我有一系列记录,其中包含一些具有时间有效性的信息(产品类型)。
如果分组信息(产品类型)保持不变,我想将相邻的有效间隔合并在一起。我不能在GROUP BY
和MIN
中使用简单的MAX
,因为某些产品类型(示例中为A
)可以“消失”并“返回”。 / p>
使用Oracle 11g。
MySQL的类似问题是:How can I do a contiguous group by in MySQL?
| PRODUCT | START_DATE | END_DATE |
|---------|----------------------------------|----------------------------------|
| A | July, 01 2013 00:00:00+0000 | July, 31 2013 00:00:00+0000 |
| A | August, 01 2013 00:00:00+0000 | August, 31 2013 00:00:00+0000 |
| A | September, 01 2013 00:00:00+0000 | September, 30 2013 00:00:00+0000 |
| B | October, 01 2013 00:00:00+0000 | October, 31 2013 00:00:00+0000 |
| B | November, 01 2013 00:00:00+0000 | November, 30 2013 00:00:00+0000 |
| A | December, 01 2013 00:00:00+0000 | December, 31 2013 00:00:00+0000 |
| A | January, 01 2014 00:00:00+0000 | January, 31 2014 00:00:00+0000 |
| A | February, 01 2014 00:00:00+0000 | February, 28 2014 00:00:00+0000 |
| A | March, 01 2014 00:00:00+0000 | March, 31 2014 00:00:00+0000 |
| PRODUCT | START_DATE | END_DATE |
|---------|---------------------------------|----------------------------------|
| A | July, 01 2013 00:00:00+0000 | September, 30 2013 00:00:00+0000 |
| B | October, 01 2013 00:00:00+0000 | November, 30 2013 00:00:00+0000 |
| A | December, 01 2013 00:00:00+0000 | March, 31 2014 00:00:00+0000 |
查看完整的SQL Fiddle。
答案 0 :(得分:6)
这是一个缺口和岛屿问题。有各种方法来处理它;这使用lead
和lag
分析函数:
select distinct product,
case when start_date is null then lag(start_date)

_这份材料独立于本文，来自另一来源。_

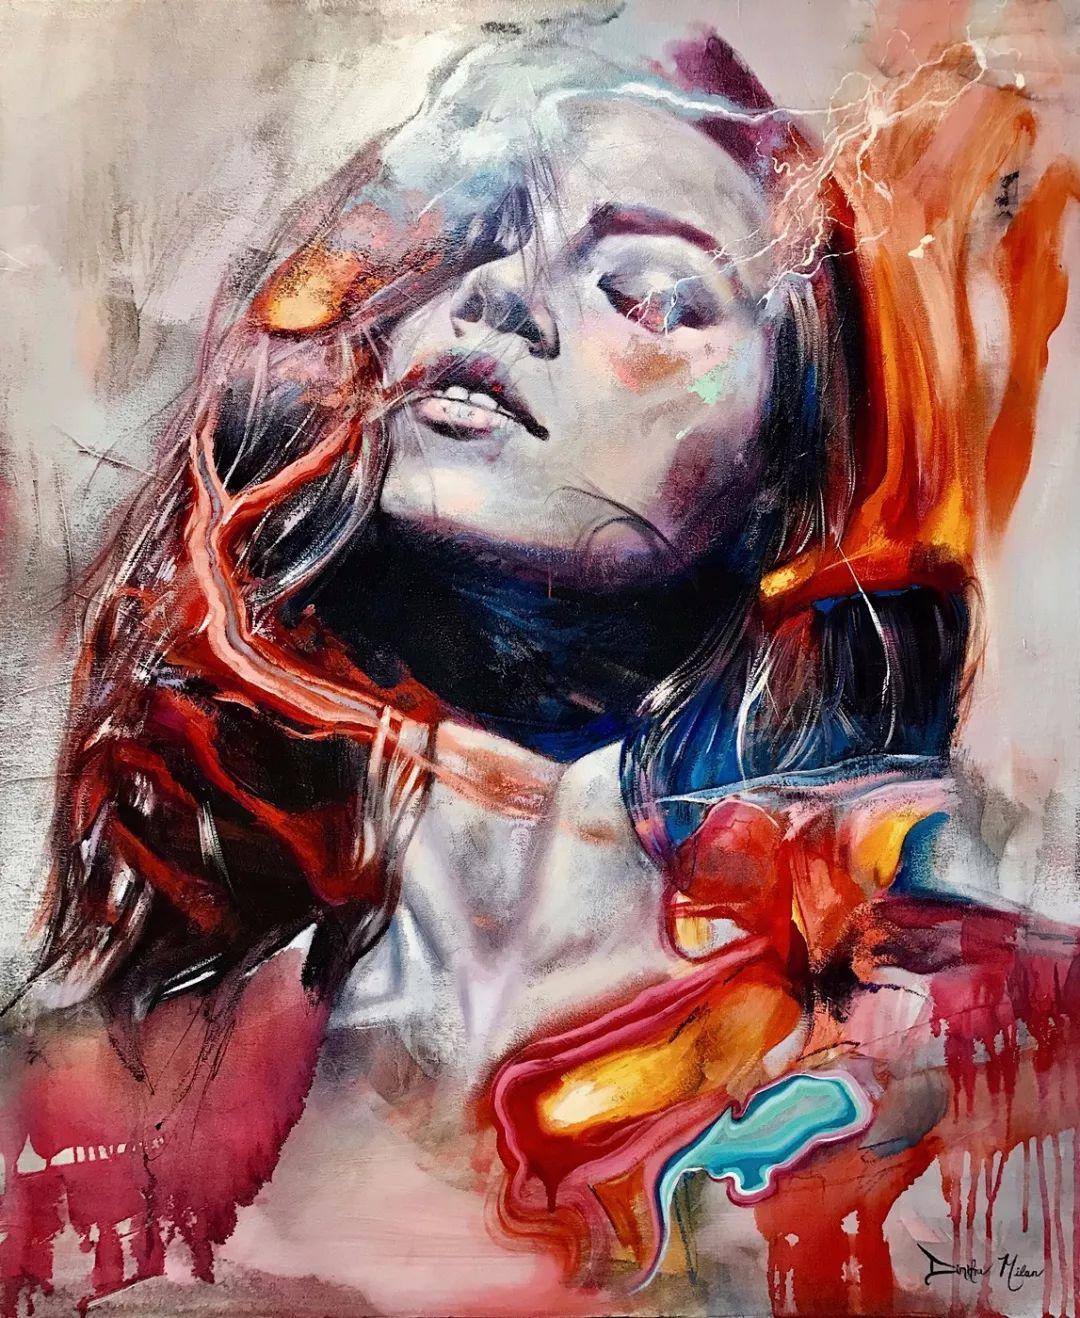 12岁开始画画 16岁就卖画赚100万——希腊小画家Dimitra Milan插图65

over (partition by product order by rn) else start_date end as start_date,
case when end_date is null then lead(end_date)
over (partition by product order by rn) else end_date end as end_date
from (
select product, start_date, end_date, rn
from (
select t.product,
case when lag(end_date)
over (partition by product order by start_date) is null
or lag(end_date)
over (partition by product order by start_date) != start_date - 1
then start_date end as start_date,
case when lead(start_date)
over (partition by product order by start_date) is null
or lead(start_date)
over (partition by product order by start_date) != end_date + 1
then end_date end as end_date,
row_number() over (partition by product order by start_date) as rn
from t
)
where start_date is not null or end_date is not null
)
order by start_date, product;
PRODUCT START_DATE END_DATE
------- ---------- ---------
A 01-JUL-13 30-SEP-13
B 01-OCT-13 30-NOV-13
A 01-DEC-13 31-MAR-14
最里面的查询查看产品的前后记录,如果记录不连续,则仅保留开始和/或结束时间:
select t.product,
case when lag(end_date)
over (partition by product order by start_date) is null
or lag(end_date)
over (partition by product order by start_date) != start_date - 1
then start_date end as start_date,
case when lead(start_date)
over (partition by product order by start_date) is null
or lead(start_date)
over (partition by product order by start_date) != end_date + 1
then end_date end as end_date
from t;
PRODUCT START_DATE END_DATE
------- ---------- ---------
A 01-JUL-13
A
A 30-SEP-13
A 01-DEC-13
A
A
A 31-MAR-14
B 01-OCT-13
B 30-NOV-13
下一级选择会删除那些处于中期的内容,其中两个日期都被内部查询消隐,这给出了:
PRODUCT START_DATE END_DATE
------- ---------- ---------
A 01-JUL-13
A 30-SEP-13
A 01-DEC-13
A 31-MAR-14
B 01-OCT-13
B 30-NOV-13
外部查询然后折叠那些相邻的对;我已经使用了创建重复项的简单路径,然后使用distinct
来消除它们,但您可以通过其他方式执行此操作,例如将两个值放入其中一对行中,并将两个值保留在另一个行中,并且然后用另一层选择消除那些,但我认为这里的区别是可以的。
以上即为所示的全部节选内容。